I do better at dealing with rejection and people not liking me when I am doing well, when I am in touch with myself and most importantly, when my empathy is high.
I deal better with people not liking me when my empathy is high.
I work as a psychologist, a therapist. Part of my job is understanding and feeling into what my client is experiencing, but specifically, what they are experiencing from their frame of reference. It’s about placing myself in their shoes, looking at things from their perspective. I don’t think of myself as a necessarily empathic person. I consider empathy a skill, and I work at strengthening it every day. Empathy is not about me, how I feel or my emotions. Empathy is placing myself in their shoes, looking at things from their perspective. It’s about broadening my perspective and including theirs.
I like the idea of holding space. I like the idea of being space for them, being an arena for the other where they can kind of place it all and look at it, without me adding all of my stuff. Empathy is about them.
When I am high in empathy I can understand why some people don’t like me. I can see things from their perspective, and I don’t bring myself into it. I can see how I hurt them without immediately considering what that says about me or how I feel about me. Empathy is not about my ego or about my needs. From empathy, compassion follows. It makes us a better, nicer person.
And then there is social intelligence.
That’s the thing people on the autism spectrum experience trouble with. People with autism can be plenty emotionally reactive, having allll them feels. And they can be sensitive to rejection, just like anyone else. People with autism can be amazingly empathic. But social rules and cues don’t seem so obvious to them.
They seem obvious to psychopaths. Psychopaths lack emotional reactivity or empathy, but they know how this shit works.
All of these things can exist independent from each other.
Emotional Reactivity and Empathy
I have this feeling that emotional reactivity and empathy might be a bit negatively correlated.

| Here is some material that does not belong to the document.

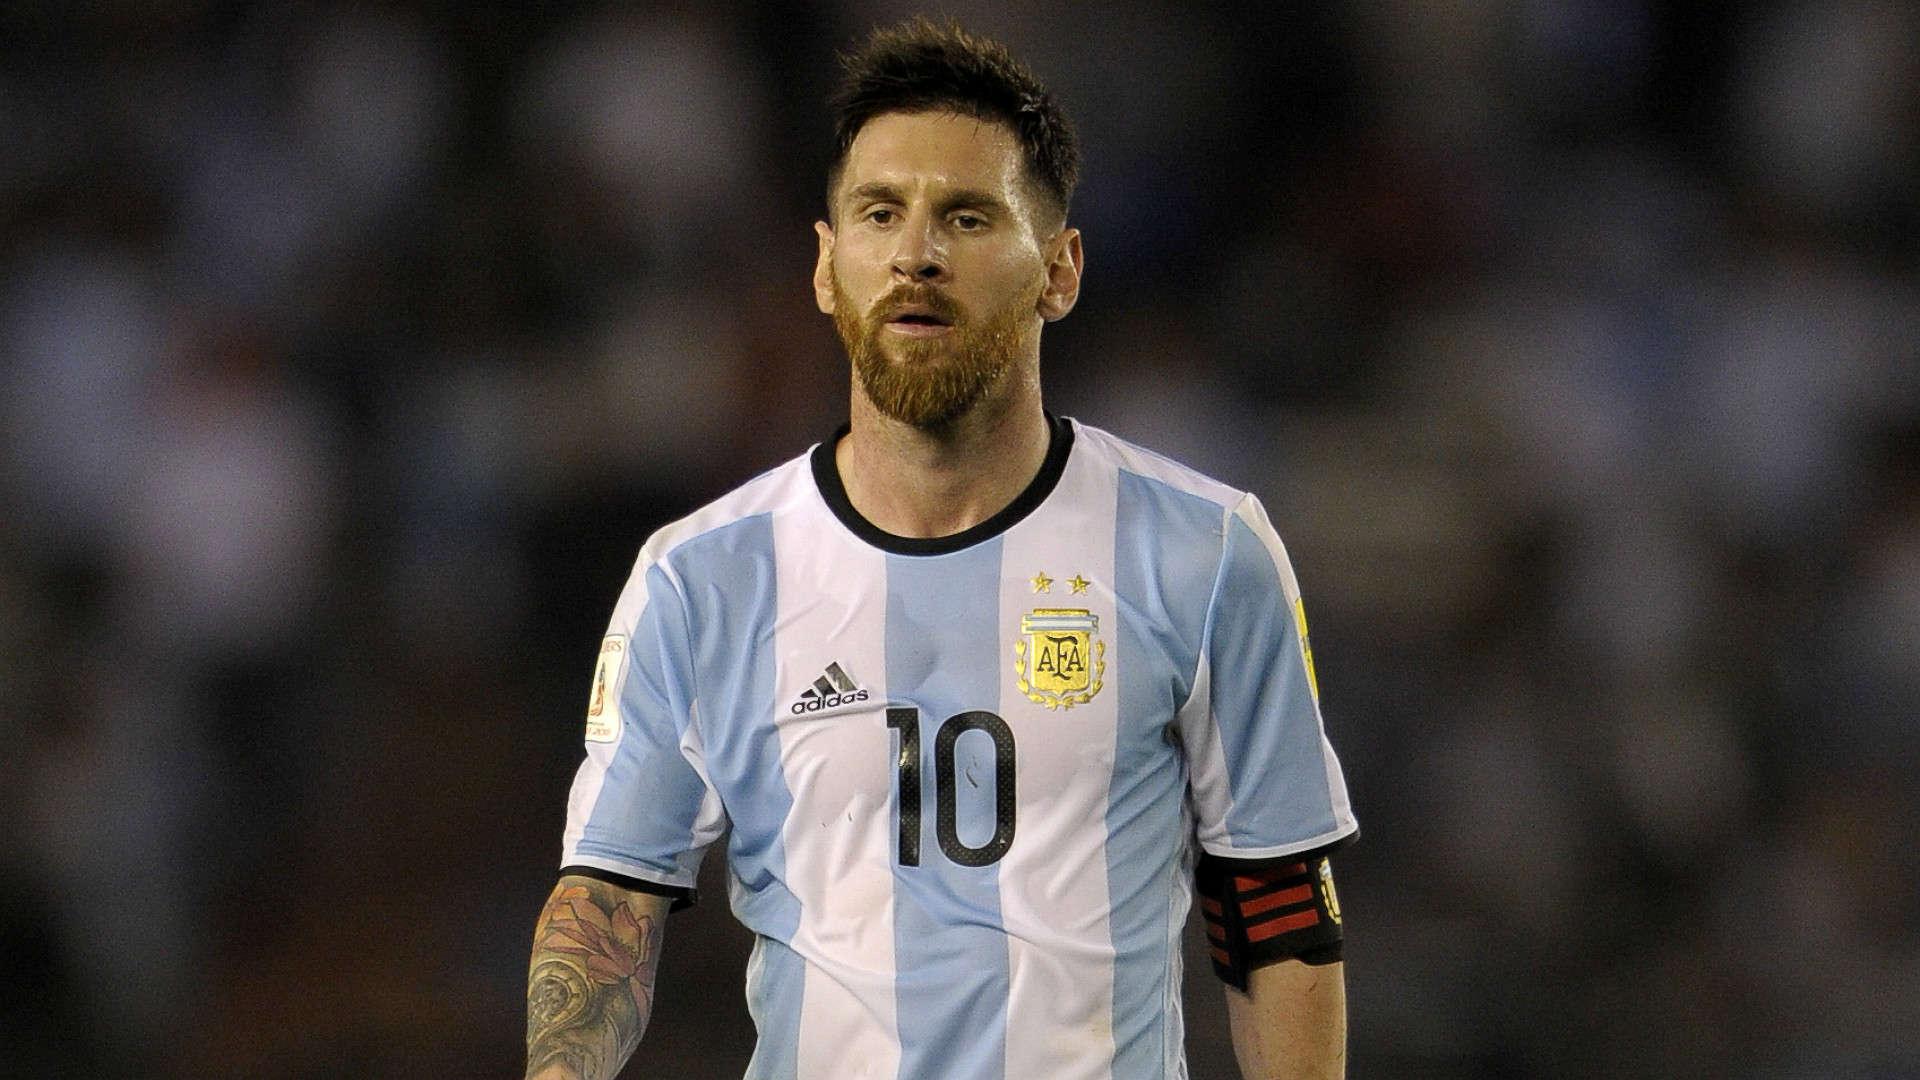 Đêm nay Messi sẽ cùng Argentina tiếp tục đi chinh phục giấc mơ World Cup của mình

When you’re all up in your feels about the feels you feel about how they might feel… that’s not about them. That’s not being sensitive to how the other person is feeling. I’m amazed how people who call themselves empaths are so often wrong about the feelings of others. They often seem to project what’s inside of them.
Empathy is about allowing the other person to be everything they are, and being curious about it. Tapping into it. Trying to place yourself in their shoes. When they don’t like you, that’s part of their experience and that’s that. They have their whole landscape of consciousness, such an amazing spectrum of experience, and their feels about you is so marginal…

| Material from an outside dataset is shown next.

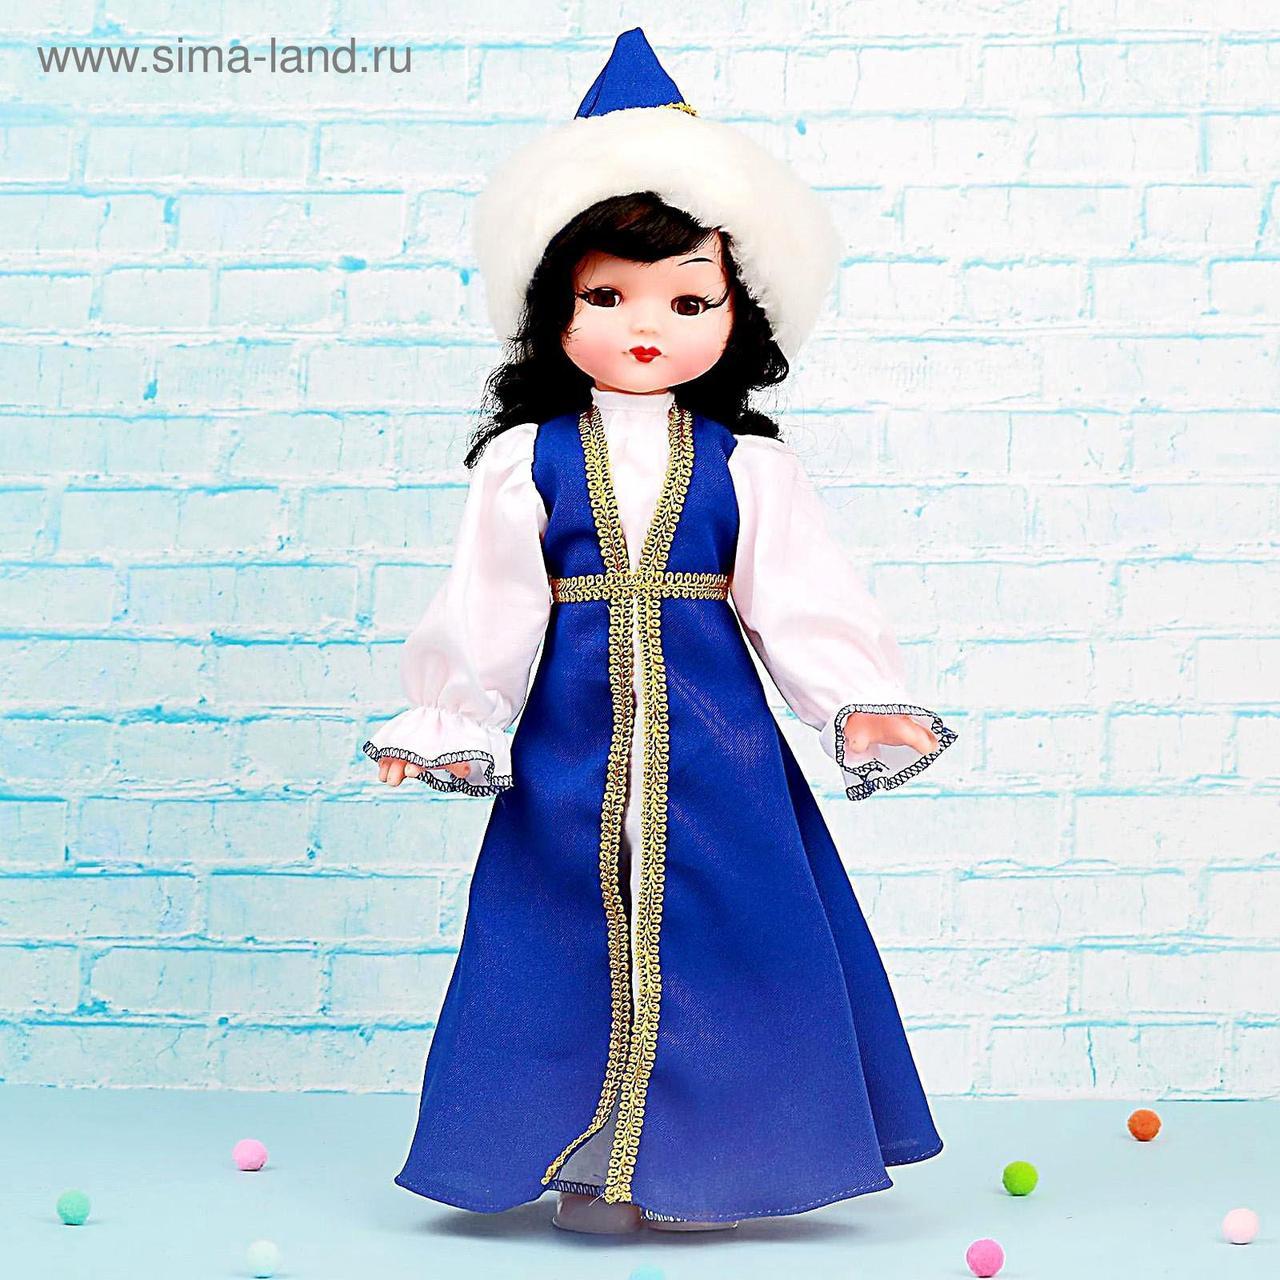 Кукла «Казашка», 45 см, цвета МИКС - фото 1

I’ve found people low on emotional reactivity to be generally more empathic, because they focus on the other. They don’t assume to know how the other feels because they have all these feels. Instead, they are interested to know. There is room for me, because they are not full of their emotions. They hold space. Empty space, inviting space, not just triggered responding space that is all over itself.

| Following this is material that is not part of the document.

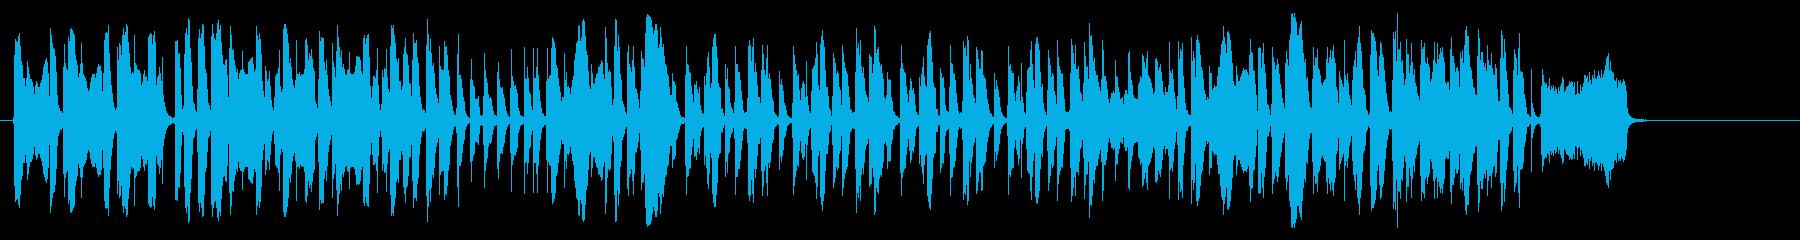 フィンガースナップの効いたアカペラの再生済みの波形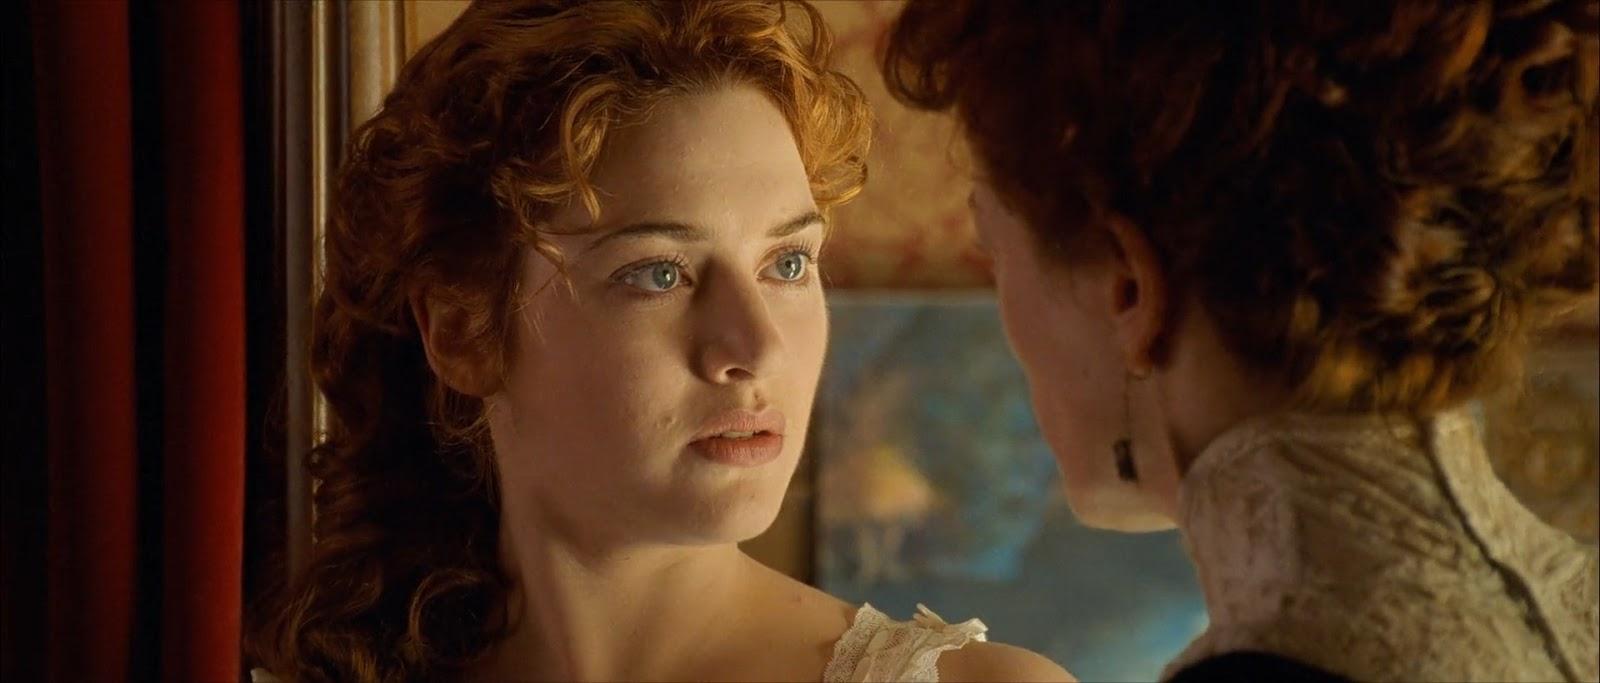 Titanic (1997) 3

I like my people intense. I like avalanches. I love their entire universes and hope to invite them in, so I can experience it with them. I care about my own emotional experience and I think it’s important to delve into it, embrace it, and feel free to share it with others. I think that raw vulnerability is a part of real intimacy, connecting with others. We are more than arena’s for others, we are more than our ability to place ourselves in another’s shoes. We have our own shoes, our own perspective, our own experience to fill.
But I like having the occasional empath around. They are nicer, kinder people.